Not at all, it was an important precursor to the unfolding process of class
formation today. I saw this first-hand in Arusha and Dar last November.
Updated sources would include a variety of papers by Issa Shivji, who --
with practically no support and few resources at the decripit (once great)
university on the Hill -- continues to pound out amazing analysis. (He's
moved more decisively into human rights, land and law issues, though
poli-econ and class analysis of who wins from neoliberalism are still
there.) There are also a few NGO comrades who are moving the critique
forward; six weeks ago I wandered around a good couple of Washington
protests -- anti-war and then anti-BrettonWoods -- with a tough feminist
from Dar.
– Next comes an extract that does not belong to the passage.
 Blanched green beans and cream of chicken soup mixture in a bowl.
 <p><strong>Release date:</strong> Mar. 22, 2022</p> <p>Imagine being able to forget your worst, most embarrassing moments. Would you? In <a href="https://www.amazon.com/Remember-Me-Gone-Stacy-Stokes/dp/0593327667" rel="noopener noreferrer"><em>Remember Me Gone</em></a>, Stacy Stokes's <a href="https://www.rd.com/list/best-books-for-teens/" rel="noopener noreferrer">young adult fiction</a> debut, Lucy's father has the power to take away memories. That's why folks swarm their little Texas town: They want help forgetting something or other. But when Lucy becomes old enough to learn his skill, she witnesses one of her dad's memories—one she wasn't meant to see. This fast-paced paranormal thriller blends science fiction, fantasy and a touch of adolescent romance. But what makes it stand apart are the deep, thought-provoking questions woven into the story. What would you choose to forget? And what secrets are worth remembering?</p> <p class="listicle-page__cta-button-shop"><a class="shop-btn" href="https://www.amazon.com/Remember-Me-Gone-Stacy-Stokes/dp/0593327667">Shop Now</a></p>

Others are contributing to the African Social Forum.

If there's a parasitical financial/commercial circuit of capital promoting
neoliberal capitalism in Tanzania today, what is most obviously missing is a
proletariat, and all that that entails. But one bad idea for resolving that
problem, which Jeffrey Sachs has been punting, is draining the Dar
wetlands/swamp area to wipe out the mosquitos and lower malaria, and getting
an export processing zone going. That may be their wretched future, like
Port-au-Prince...

> Perhaps I could also - since we have been segueing into Africa on this
> strand - ask you for a Mist - if not a ML-ist view of current crises in
> Congo?

Haven't personally got hold of anything yet, but check anything on the
subregion by Mahmood Mamdani (head of African Studies at Columbia, and
author of several marxist works and slightly post-marxist material on
state/society relations, including a recent book about the DRC --
Understanding the Crisis in Kiwu -- as well as a Rwanda genocide analysis).
Also check http://www.africanworld.com for Great Lakes region books in
english. Africa World Press is still the premier lefty publisher about the
continent. For buying a wider variety of books, even though the website
isn't fully up, I always look first to the Africa Book Centre at Covent
Garden in London (http://www.africabookcentre.com/catalogue.htm)...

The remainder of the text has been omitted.